## [WORK ORDER]
Show all lines from the data that include the word "three".
── RECORD EXTRACTS ──
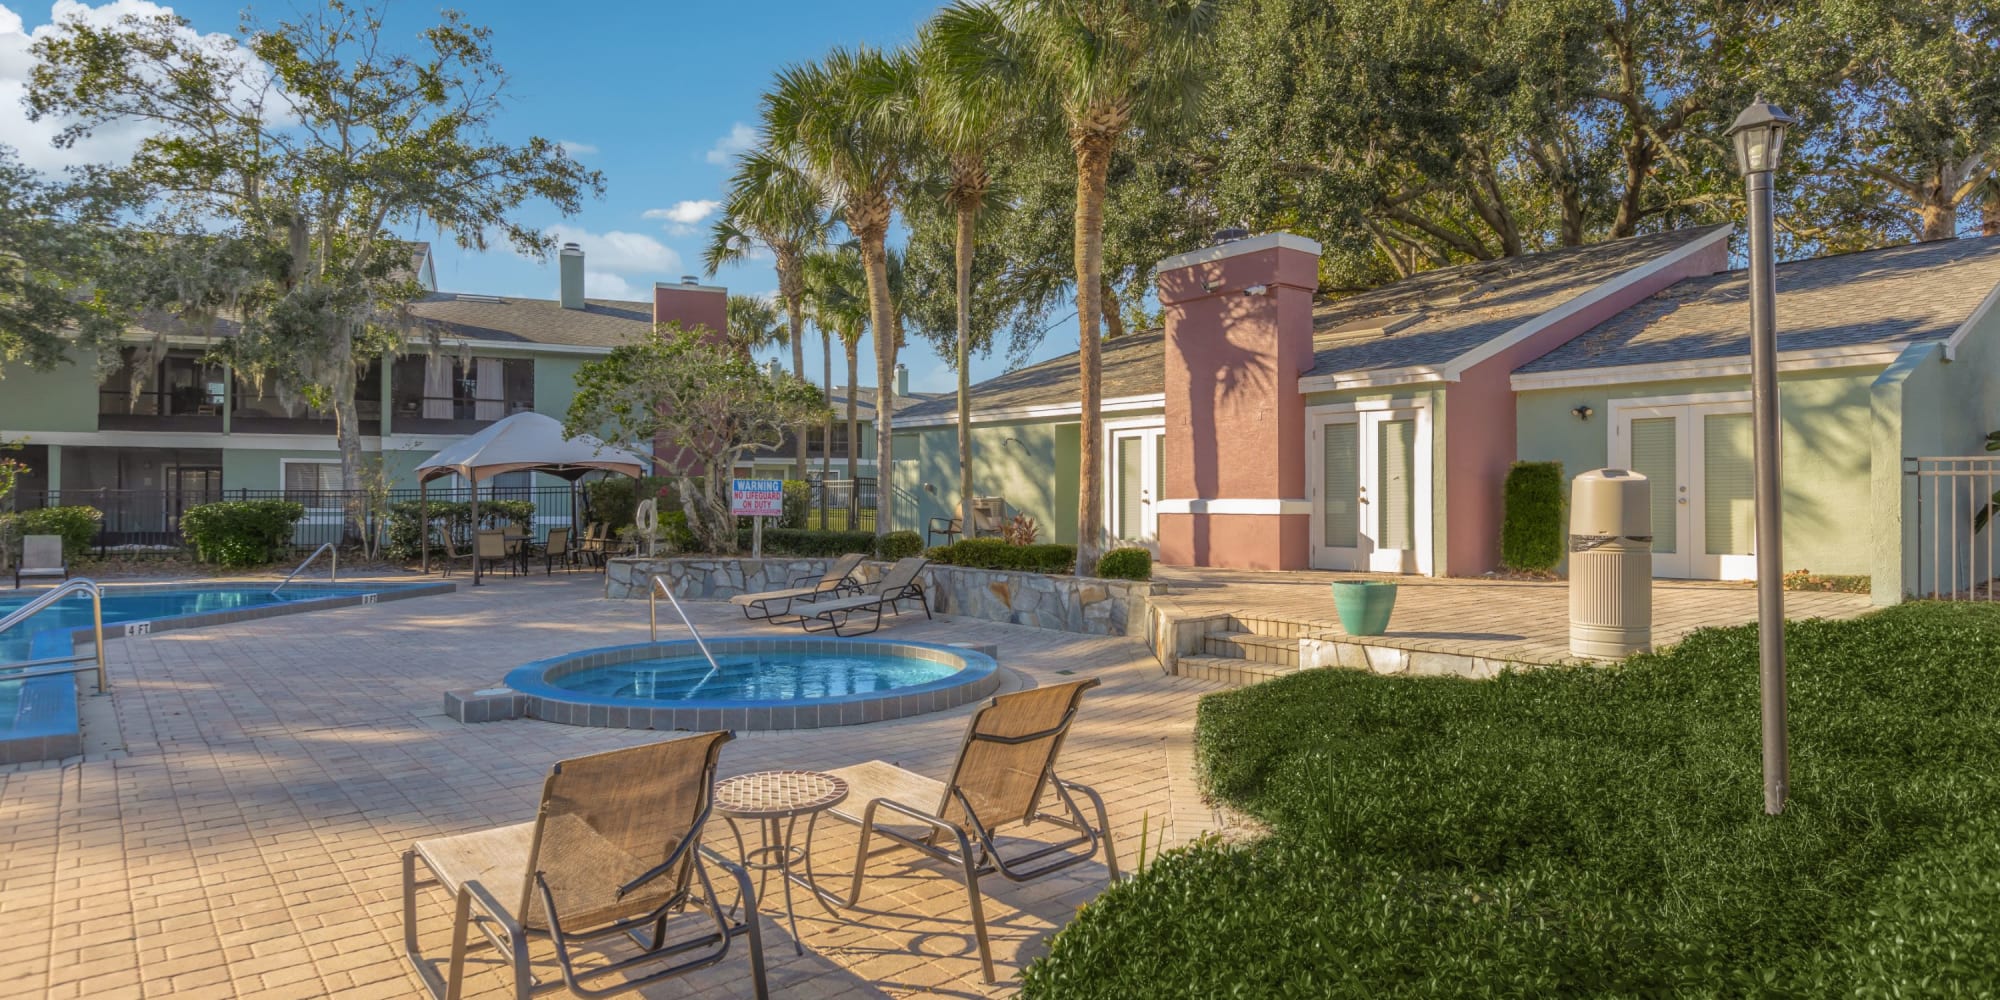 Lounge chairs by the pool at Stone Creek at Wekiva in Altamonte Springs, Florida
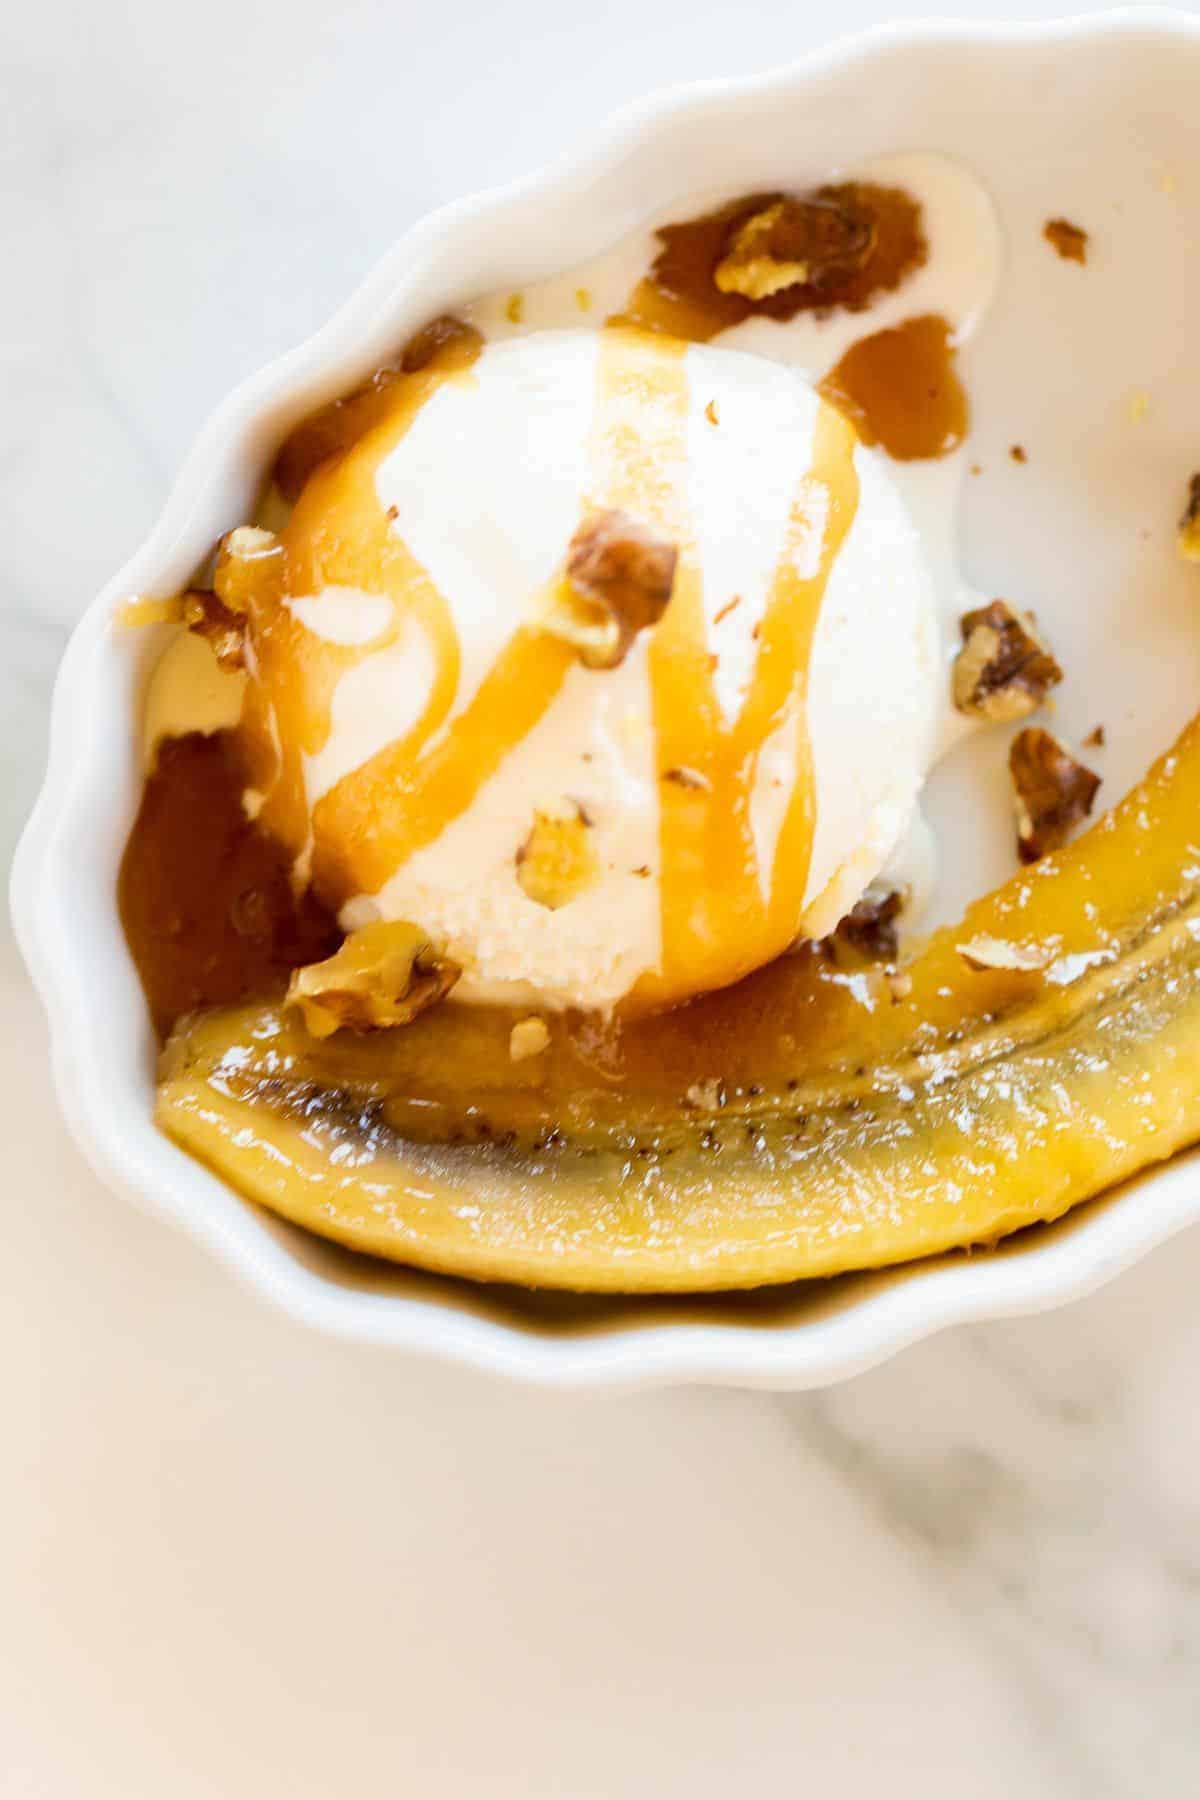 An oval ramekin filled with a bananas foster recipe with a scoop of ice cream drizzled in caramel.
───
── RECORD EXTRACTS ──
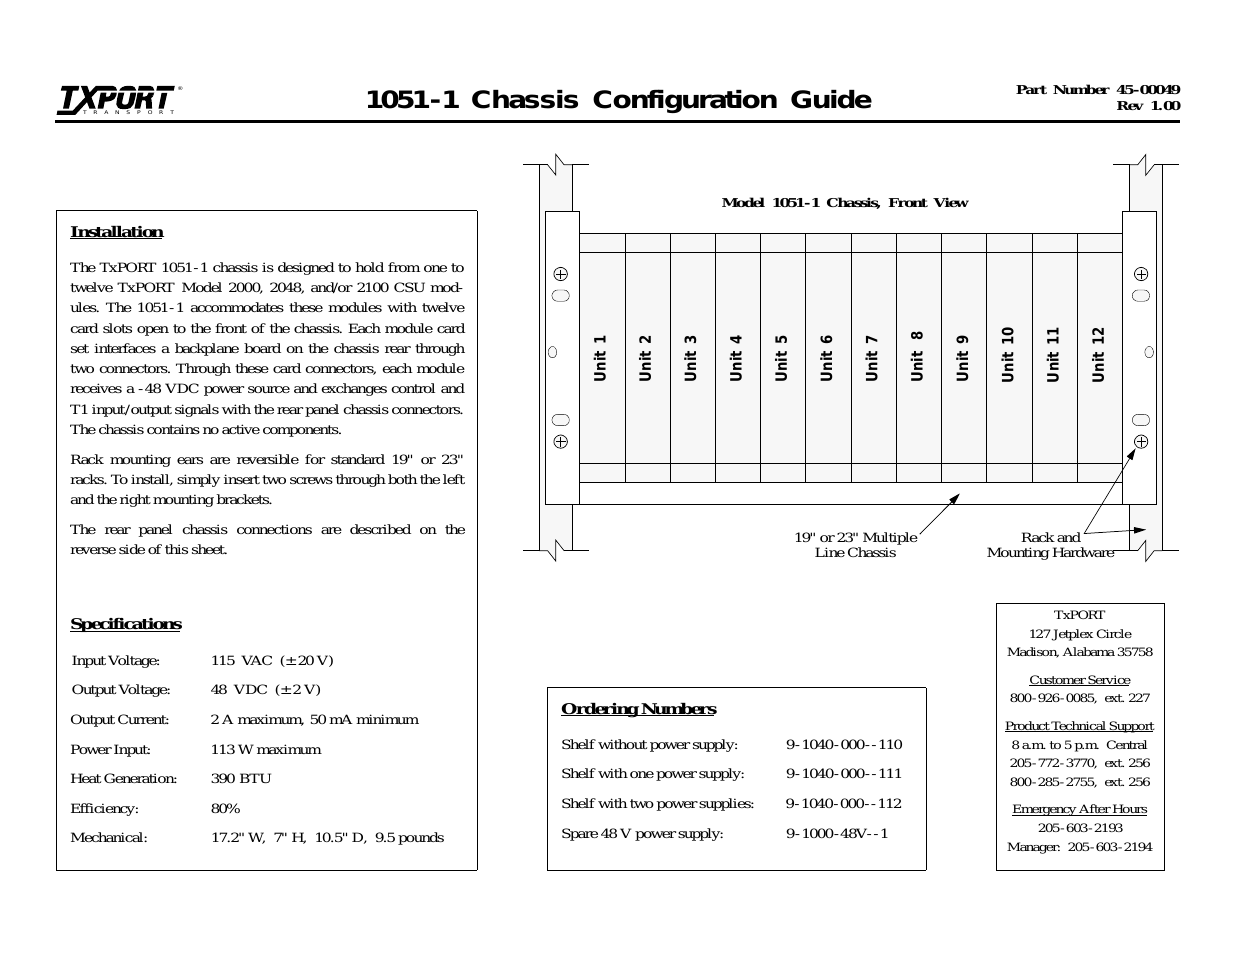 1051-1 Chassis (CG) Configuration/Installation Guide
───
── RECORD EXTRACTS ──
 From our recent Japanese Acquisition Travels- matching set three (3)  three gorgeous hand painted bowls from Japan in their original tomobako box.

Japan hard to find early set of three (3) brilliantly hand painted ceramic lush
───
## [EXERCISE ANSWER]
 From our recent Japanese Acquisition Travels- matching set three (3)  three gorgeous hand painted bowls from Japan in their original tomobako box.
Japan hard to find early set of three (3) brilliantly hand painted ceramic lush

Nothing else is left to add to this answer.